* DATASET EXCERPT:
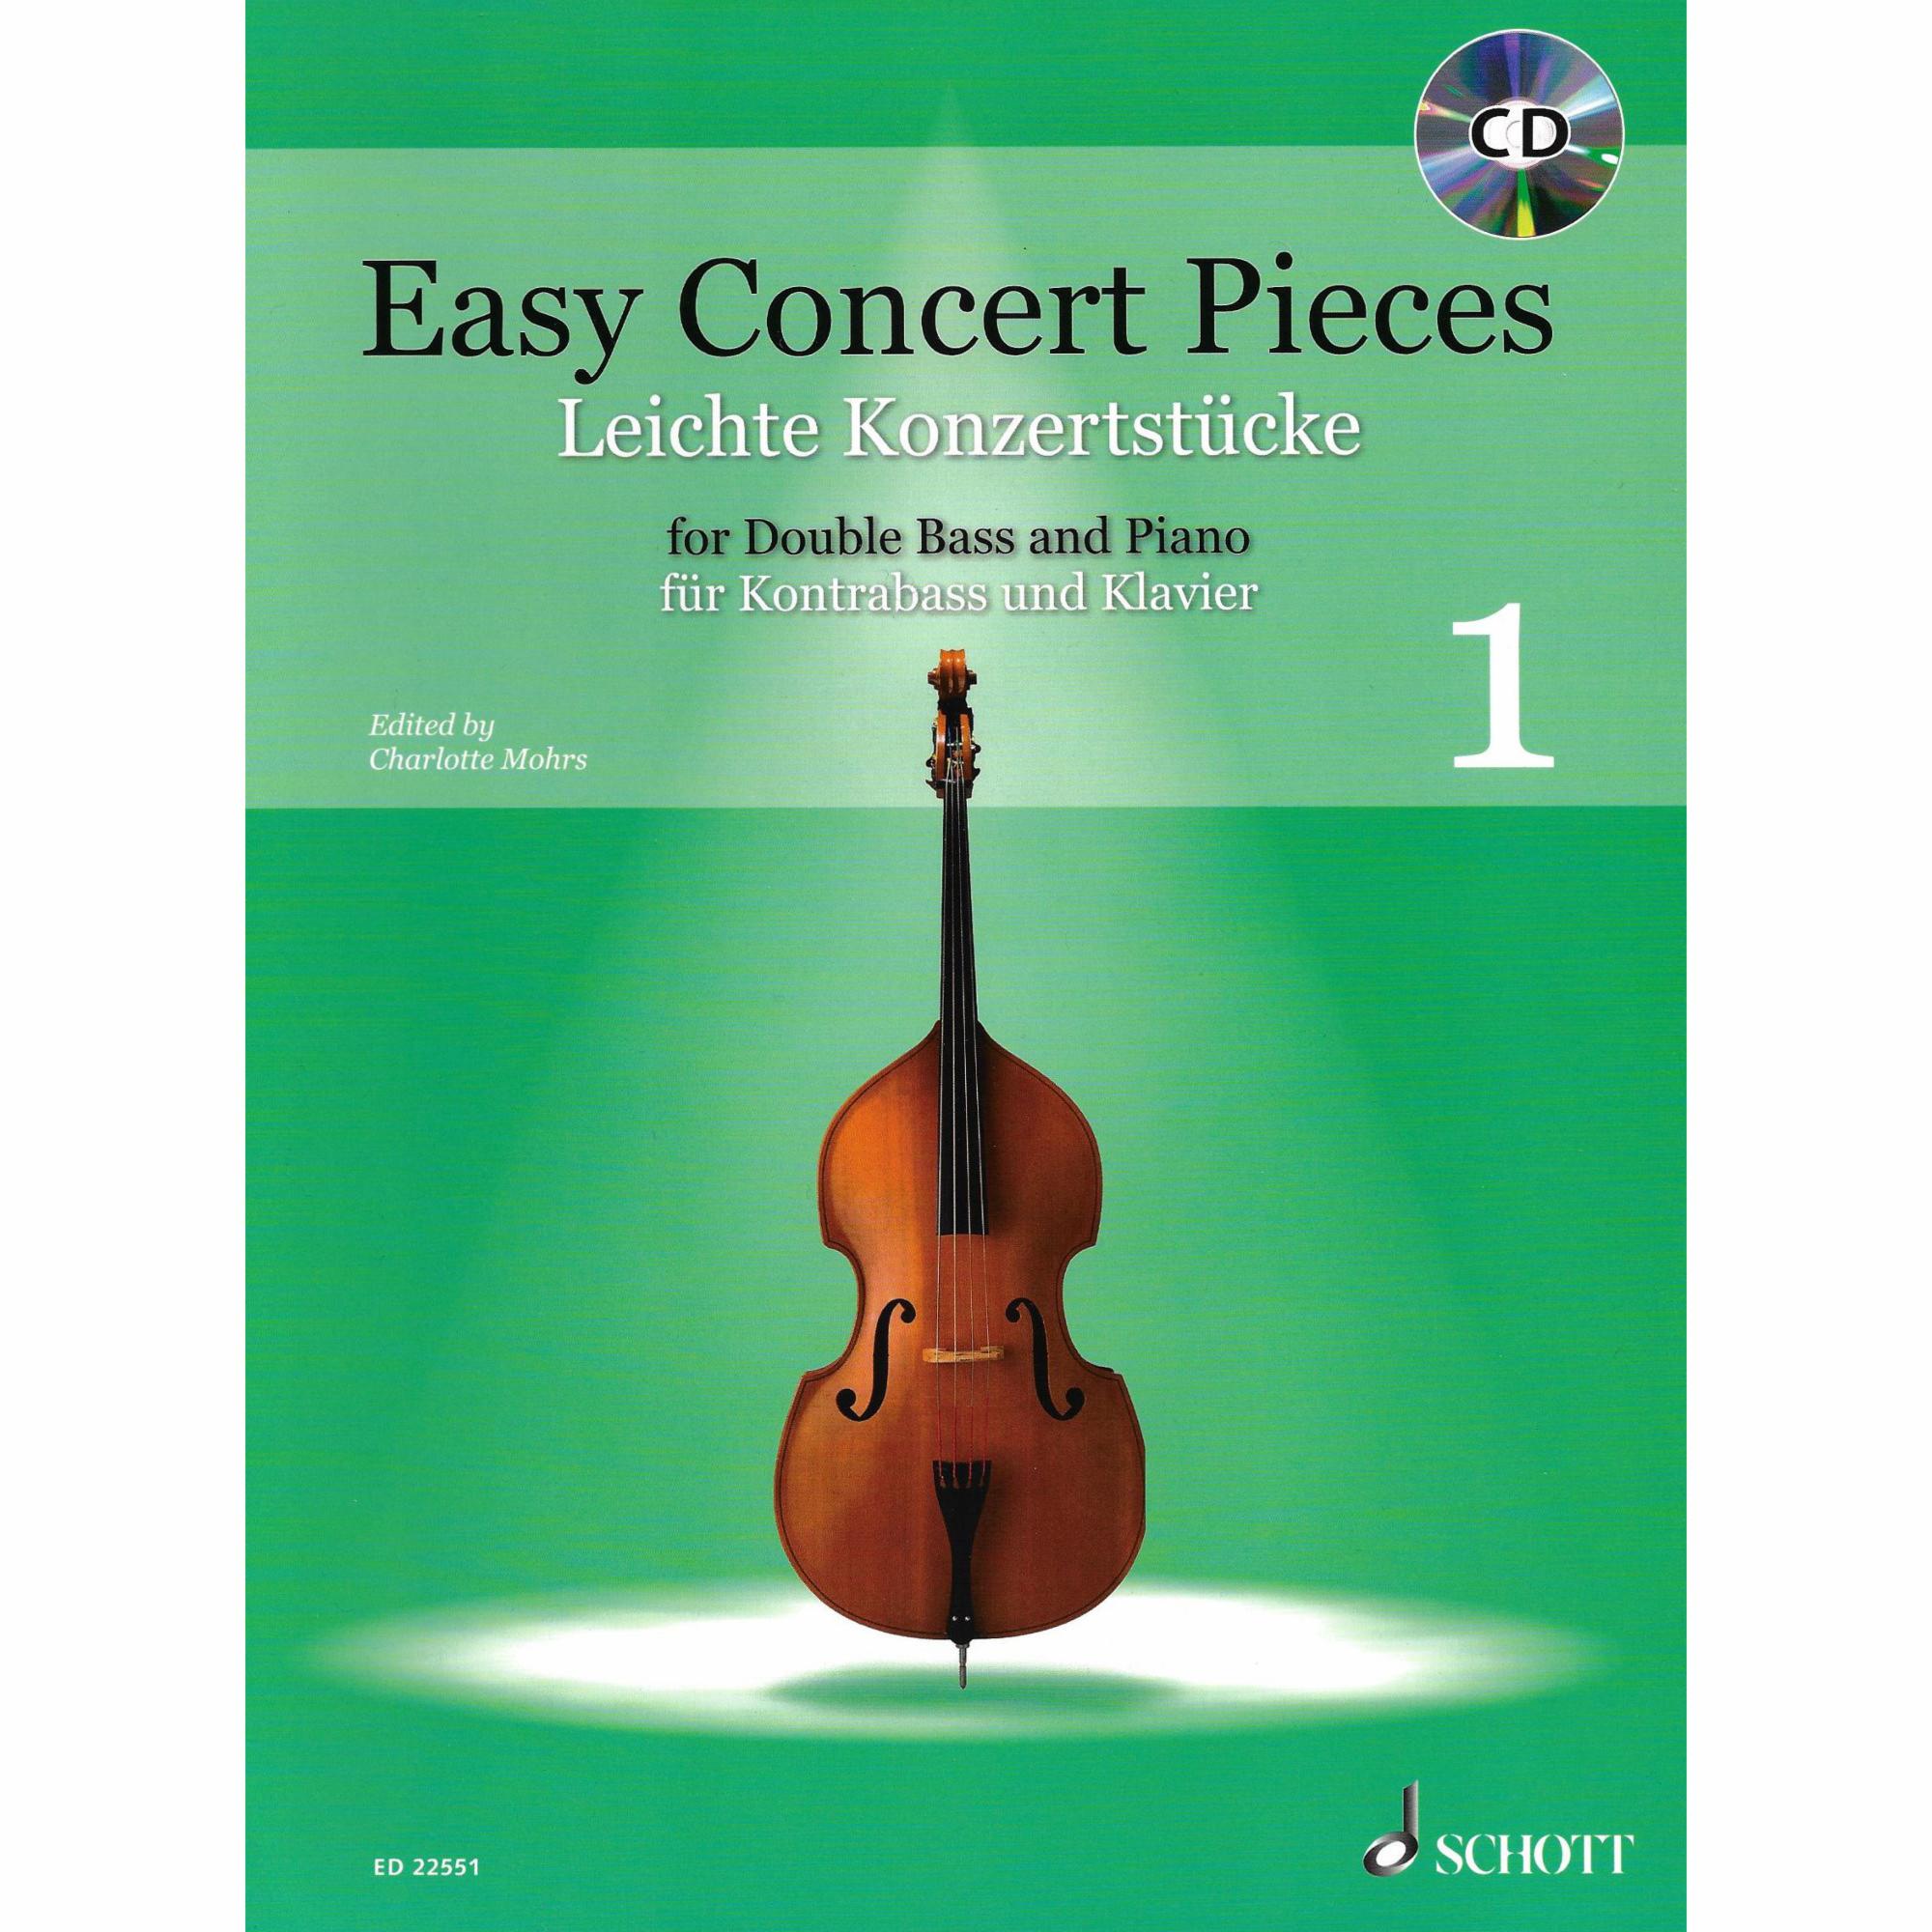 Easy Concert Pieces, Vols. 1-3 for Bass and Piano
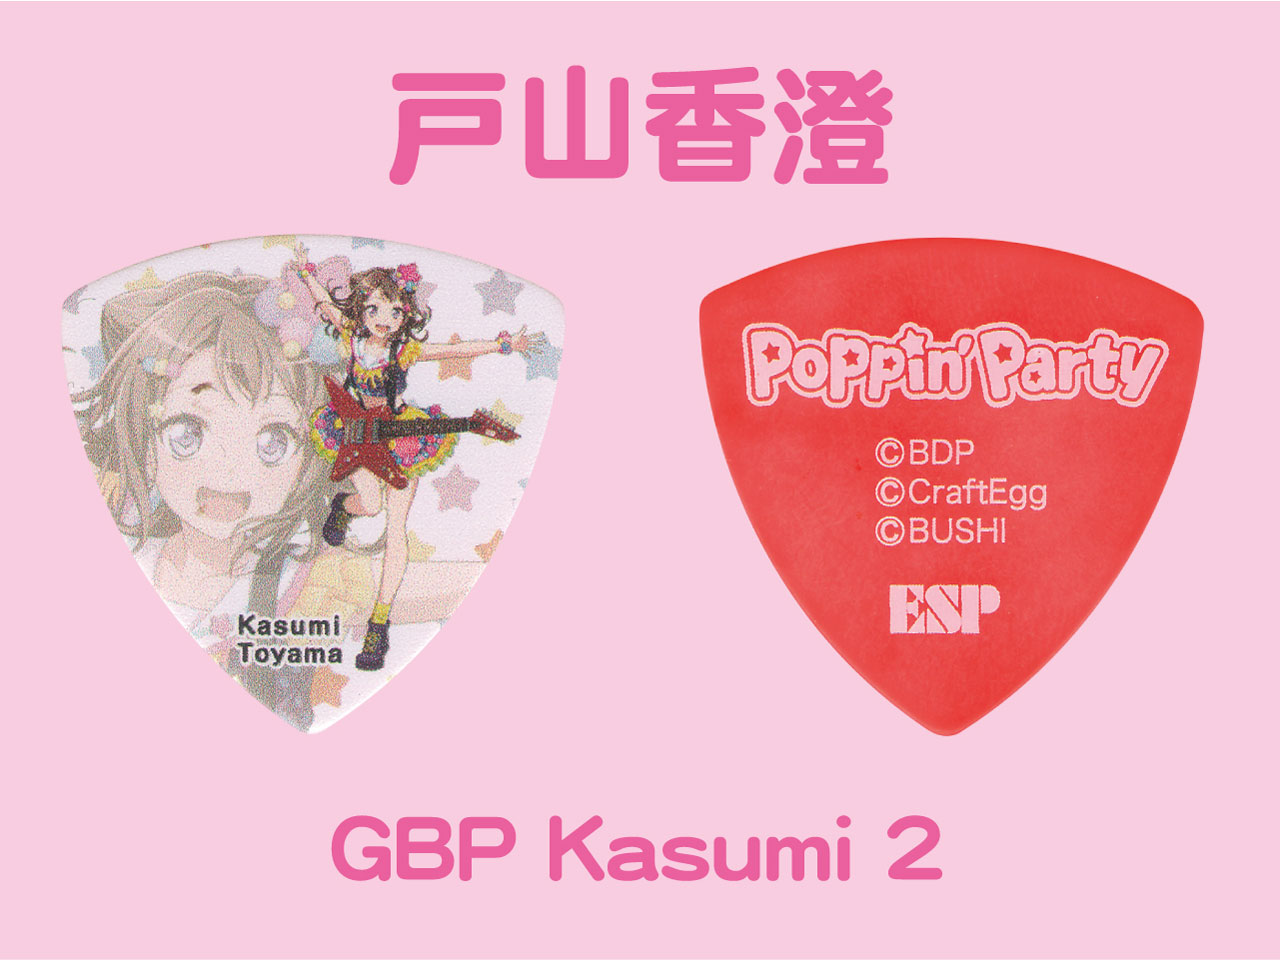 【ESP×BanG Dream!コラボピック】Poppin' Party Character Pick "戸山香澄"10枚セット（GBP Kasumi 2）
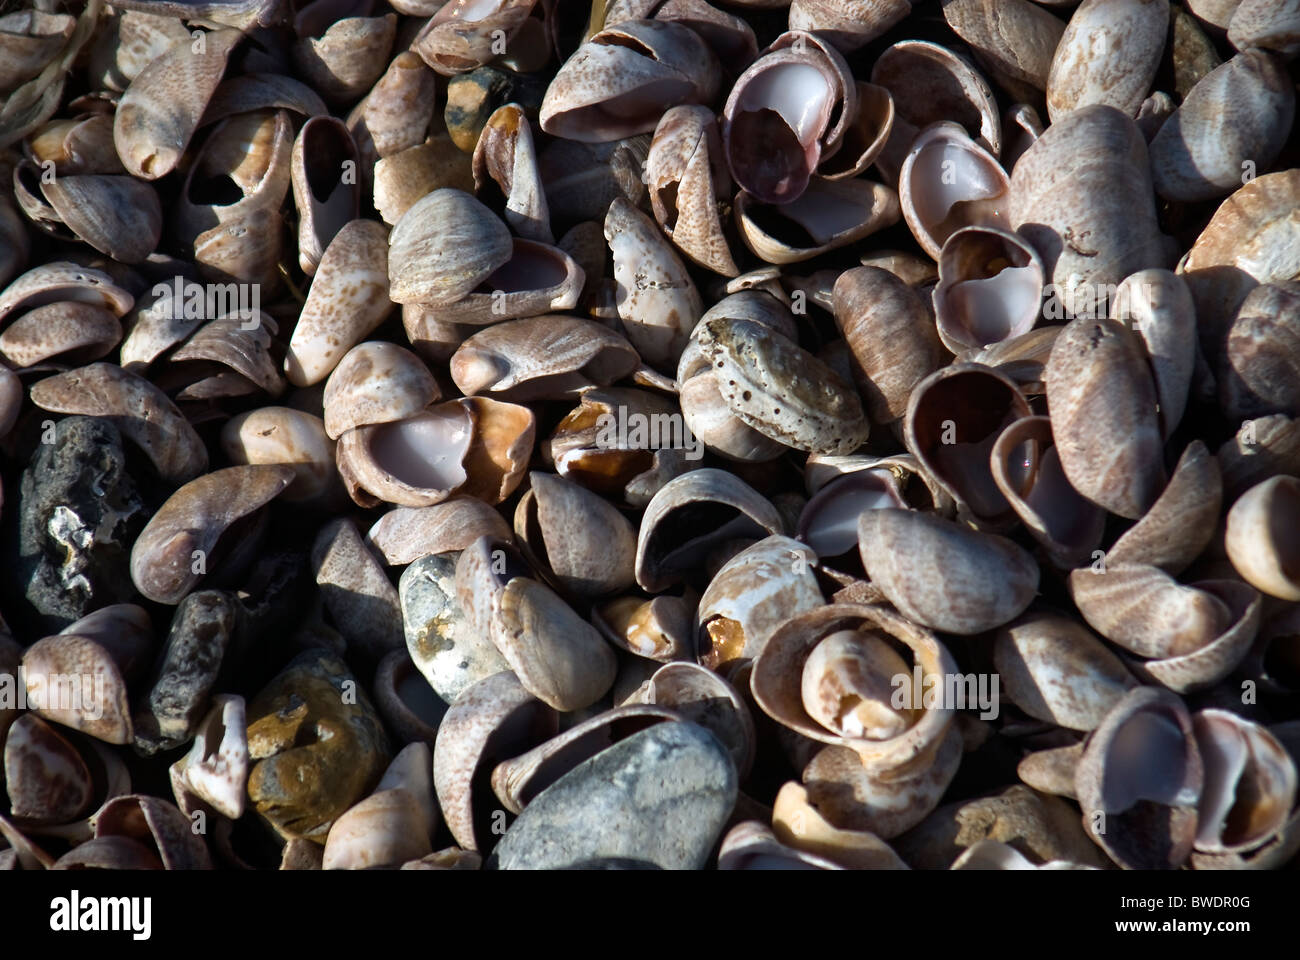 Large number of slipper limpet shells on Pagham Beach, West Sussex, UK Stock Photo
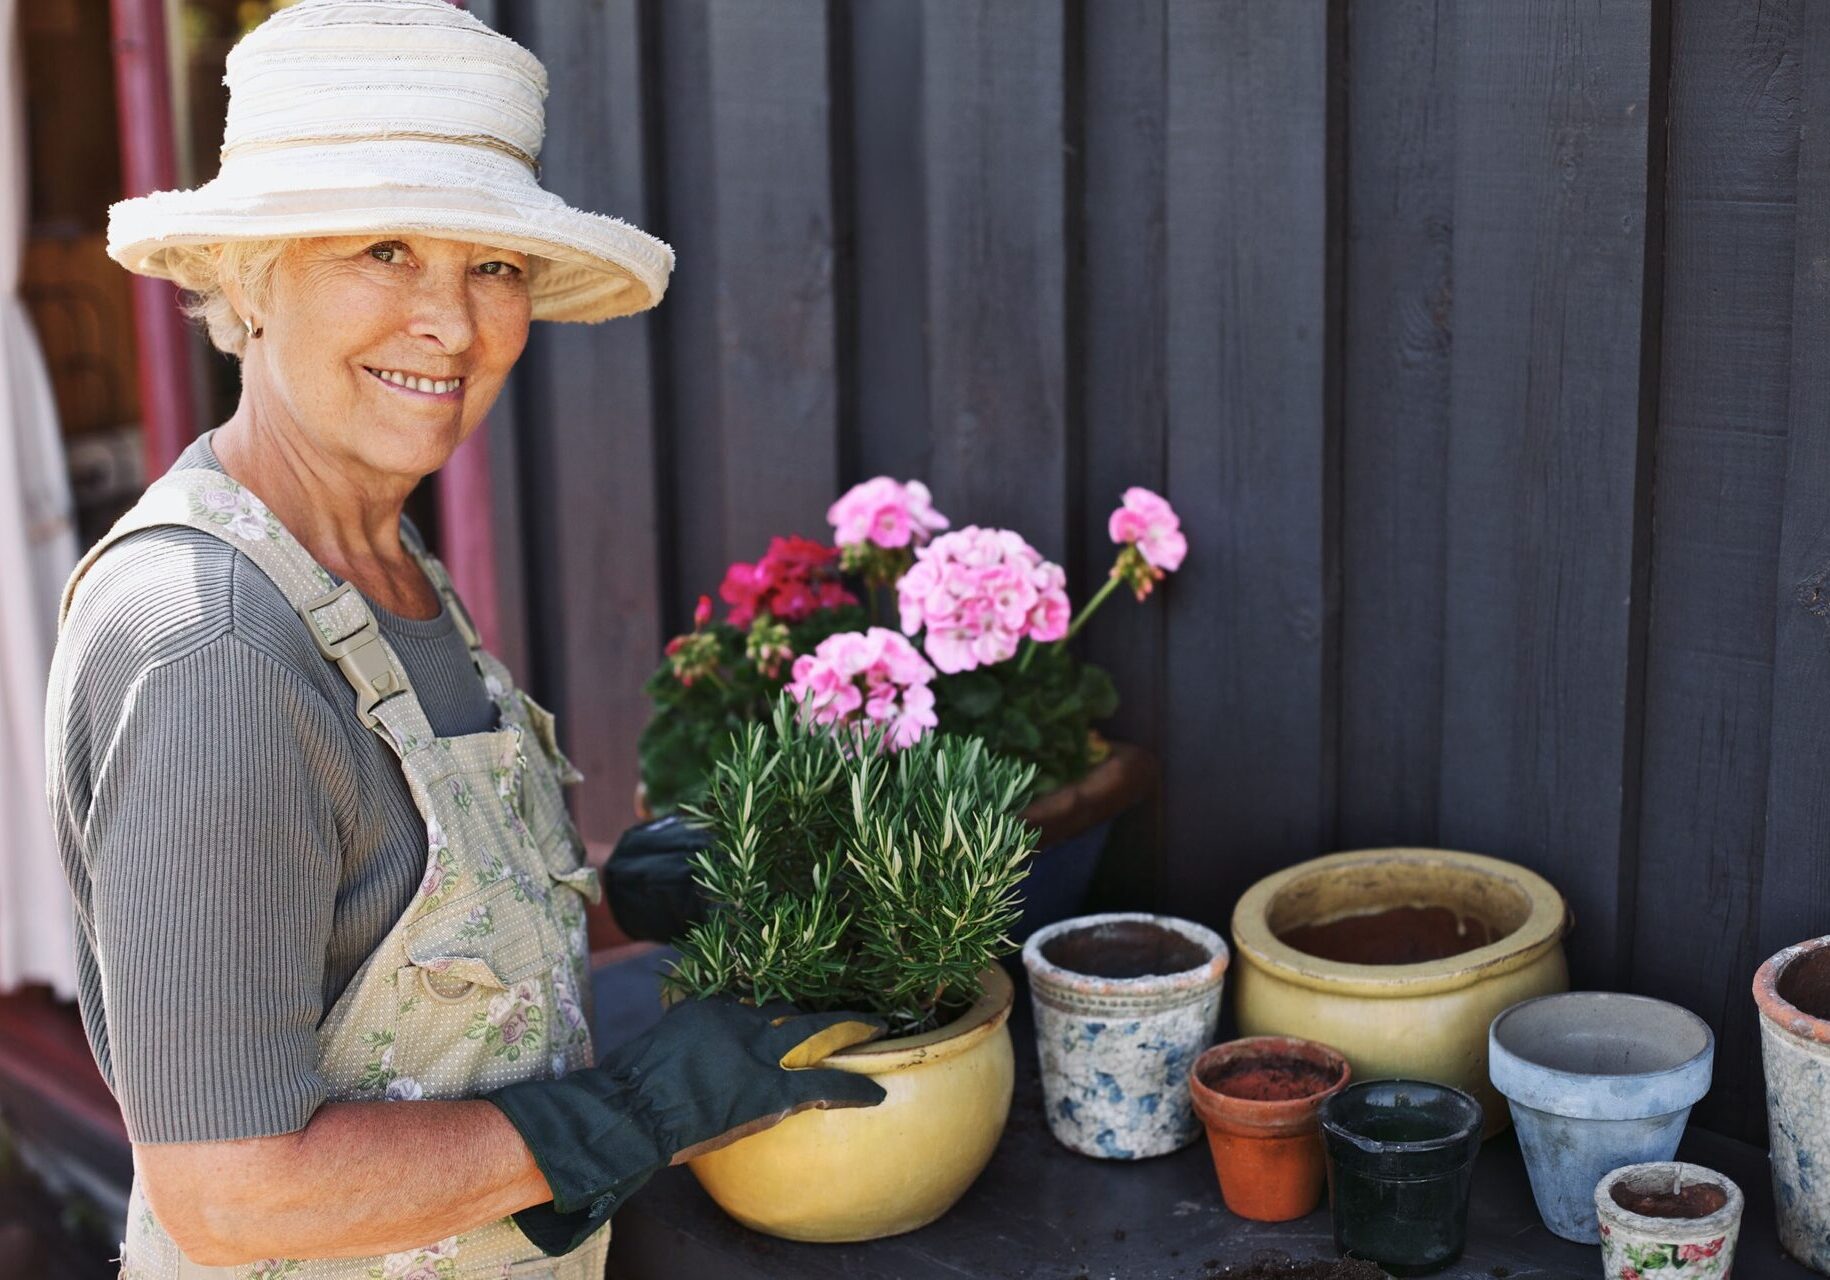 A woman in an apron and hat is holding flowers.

* WHAT TO PRODUCE:
Drop the pictures and give every line above again exactly.

* WRITTEN RESPONSE:
 Easy Concert Pieces, Vols. 1-3 for Bass and Piano
 【ESP×BanG Dream!コラボピック】Poppin' Party Character Pick "戸山香澄"10枚セット（GBP Kasumi 2）
 Large number of slipper limpet shells on Pagham Beach, West Sussex, UK Stock Photo
 A woman in an apron and hat is holding flowers.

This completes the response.